Today, is the 76th anniversary of the martyrdom of Bhagat Singh, Rajguru and Sukhdev. They were hanged on March 23, 1931 on flimsy, cooked up charges by the British colonial rulers. While they were interred in Lahore Jail during the period of their sham trial they were severely tortured and illtreated. While on the contrary whenever the Congress leaders were “jailed”, they were treated like royalty by the same foreign rulers. One wonders whether it was because the Congress was nothing but a British Weapon of Mass Delusion(WMD) aimed at fooling the Indian people.

Unfortunately, we are a country with a very severe problem of short term public memory. So as of today the only importance of this day for our people and our media is because the Indian Crikit team is on the verge of being eliminated from the World Cup Crikit.

Update- The Men in Blue just did it.

Update- Rajinder Puri writing in Samachar not only says that the Congress party was nothing but a British Weapon of Mass Delusion aimed at the people but goes one step further and calls it a traitorous party whose dissolution is imperative for the sake of the country’s future.

Contrary to the contemporary historian’s view that there would be no India without the Congress, I believe there will never be an independent India until the Congress –not Congress leadership –is buried fathoms deep. All political parties in India derive their culture from the Congress. The burial of the Congress would imply therefore burial of an all pervasive political culture. India’s political activity up to now has been in the shadow of the Congress. To justify burial of the Congress a brief outline seems necessary of the dissident view of recent history.

The Congress was created by the British to provide means for peaceful dissent after the violent Kuka revolt and the 1857 Mutiny. Free political expression by Indians enabled the British to govern wisely. Throughout the Congress’s freedom struggle, the British exercised influence over Congress leaders. There is no dearth of archival data to vindicate this fact.

Ravaged by the Second World War, dominated by US influence, intimidated by the Soviet threat, Britain granted India Independence in 1947. It did so wholly on its own terms. It partitioned the nation. It succeeded in transferring populations through engineered riots to create an overwhelmingly Islamic Pakistan which became later a member of the CENTO and SEATO defence treaties intended to contain Soviet and Red Chinese communist expansion.

Britain ensured that India and Pakistan would remain dominions of the British Commonwealth.

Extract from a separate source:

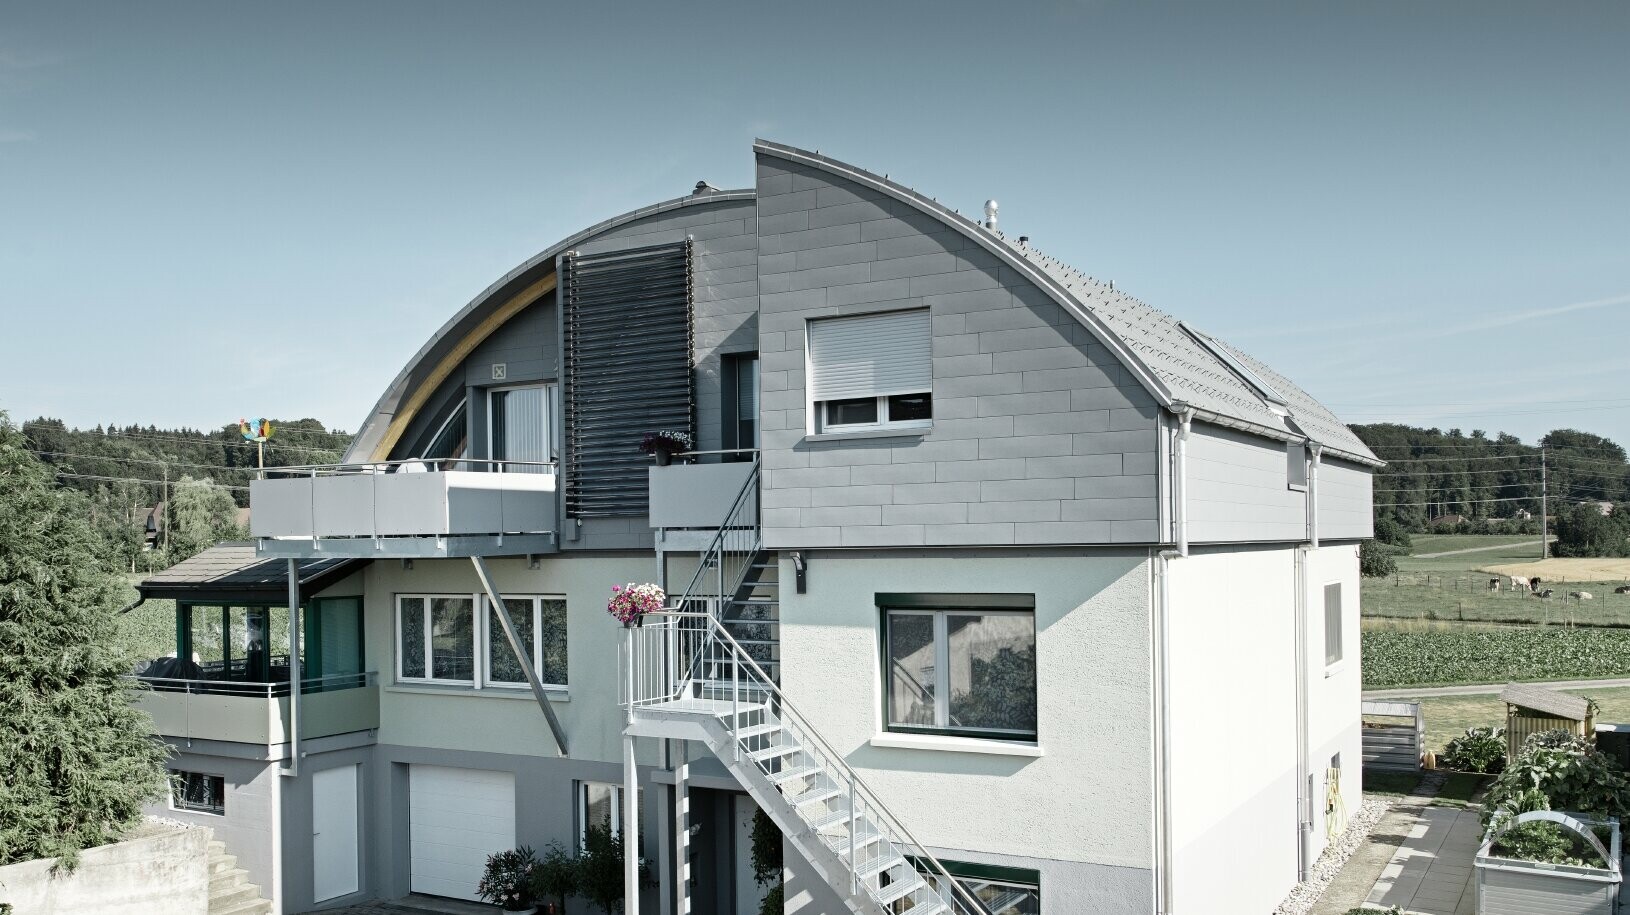 Einfamilienhaus mit PREFA Siding in patina grau und Dachplatte in hellgrau

It has been rightly said, therefore, that 1947 did not signify the sub-continent’s winning of independence, but a transfer of power from departing Englishmen to their brown understudies.

Accepting Partition was a brazen betrayal of the pledge given to the nation by the Congress. The Congress therefore lost the moral right to govern a free India. It ruled India as the appointee of the departing colonial power. Mahatma Gandhi faltered and allowed the betrayal. He later tried to undo the damage. He attempted to settle in Lahore and work against Hindu-Muslim division. His assassination aborted the attempt. His last will and testament, written on the day he died, sought dissolution of the Congress party.



Filed under General, History, India, Neglected/Sidelined News, Opinion

17 responses to “Remembering Bhagat Singh, Sukhdev and Rajguru

  1. I wonder why so many Indians have an urge to denigrate the Indian National Congress which played a crucial role in the freedom movement. I think even Bhagat Singh and others would not condone such slander about the INC.

    It was the inherent strenght of a non-violent movement that prevented the Britishers from committing atrocities on the national leaders in an open way. This holds especially true when leaders of great mass appeal were involved (Gandhi, Nehru etc). While these leaders were still in the process of transforming into mass leaders they too were subject to inhuman acts (Gandhi in SA, Bal Gangadhar Tilak, Lala Lajpat Rai etc)

    In the case of our revolutionary leaders, the British Govt. used violence as the pretext for inflicting violence. In the case of non-violent movement, the Govt. would be damned in the eyes of the world if it used excessive violence. That is not to say that they did not use their power over Salt Satyagrahis or Quit India movement participants. But, to torture a national leader would be something totally different.

    Our understanding of India’s freedom movement is colored by our own political ideas of present day India. How many people actually know that Bhagat Singh was a sworn Socialist (just like Nehru), that later during his days, he appealed to people against individual heroic incidents?

  2. Not a fan, thanks for sharing your insight on this topic.

    Did the congress play a “crucial” role in India’s independence struggle?

    I don’t think so. because

    1) it is only with hindsight that we see all events before 1947 as leading to Independence. say for example someone living in 1931 or 1942 wouldn’t be ticking days in a calendar leading upto August 15, 1947.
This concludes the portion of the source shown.